The company was able to achieve an improvement in performance mainly due to a combination of an increase in the average sale price of crude oil and lower operating costs.
Following the announcement of results, the stock has moved up only by about 50 cents so far. However, we anticipate an uptrend to begin soon due to the reasons listed below.
The Irving, Texas-based company reported third-quarter revenues of $66.165 billion, up from $58.677 billion in the similar quarter of fiscal 2016. Analysts’ had expected Exxon to report revenues of $63.39 billion.
For the July-September quarter 2017, Exxon posted net income of $3.970 billion, an increase from $2.650 billion the same period last year. On a per share basis, Q3 2017 earnings increased to $0.93, from $0.63 in the year-ago period, and surpassed analysts’ estimates of $0.86 per share. But for the $0.04 per share charge taken for the negative impact of hurricanes Harvey and Irma, the Q3 net income would have been much higher. Exxon closed its Baytown and Beaumont refineries in Texas when the hurricanes hit the US.

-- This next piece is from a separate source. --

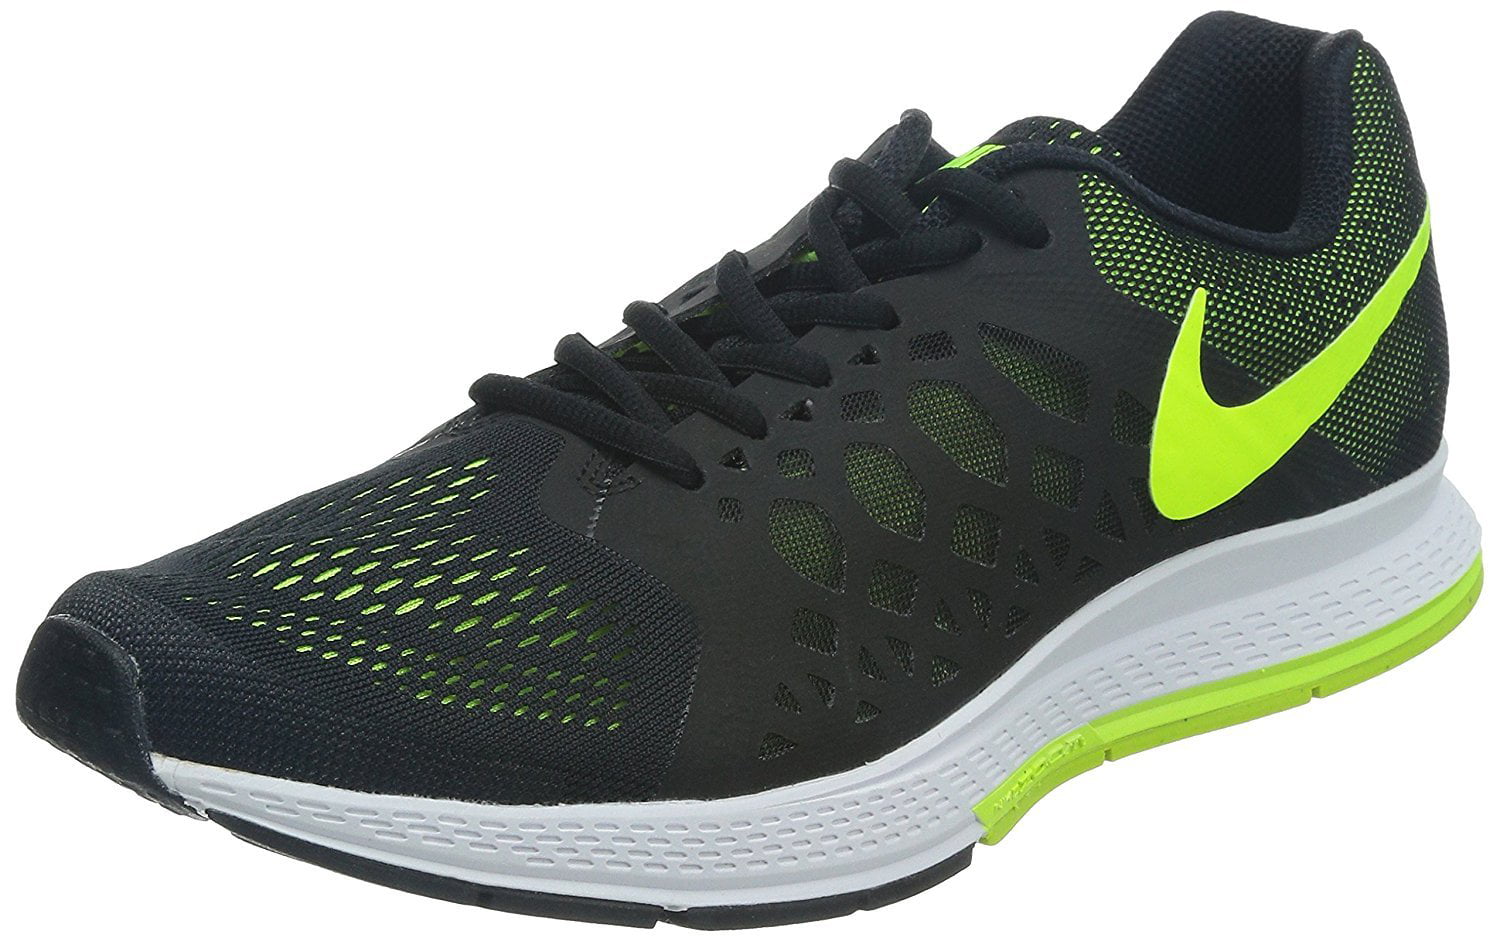 Rebotar Soldado Alianza Nike Men's Air Zoom Pegasus 31 Black/Volt Running Shoe 9.5 Men US -  Walmart.com

Segment wise, the upstream sector, which involves exploration and production of oil and gas, recorded earnings of $1.60 billion, an increase of $947 million from the prior-year period. The production in the upstream sector also increased 2% from last year to 3.9 million barrels per day.
The downstream sector, which is involved in the refining of crude oil, reported a $303 million y-o-y increase in net profits to $1.50 billion. The high price of commodities boosted the downstream division’s profits. Hurt by weak profit margins, the company’s chemicals business posted a $79 million year-over- year decline in profits to $1.10 billion. Notably, all the business segments reported more than $1 billion in profits in the third-quarter.
During the quarter, Exxon made its fifth oil and gas discovery in Guyana, while capturing 12 high-potential offshore blocks in Brazil. Cash flow from operations increased 41% to $7.5 billion.
As far as strategic investment plans are concerned, the company is preparing to acquire a chemical plant in Singapore and drilling rights in the Permian Basin of Texas and New Mexico. That would increase Exxon’s current resource base of 6 billion barrels of oil equivalent by another 400 million boe.
Technically, the rising accumulation indicator underlines the bullishness in the scrip. Further, the money flow index is moving above the reading of 50. That indicates the possibility of a continuation of the current uptrend. Thus, it would be wise to hold a long position in the stock of Exxon.
Alternatively, instead of purchasing the stock in the cash market, we may opt for an investment in a call option offered by a binary broker. The option should remain active until November 23. Further, we will enter only if the stock trades near $82 in the equity market.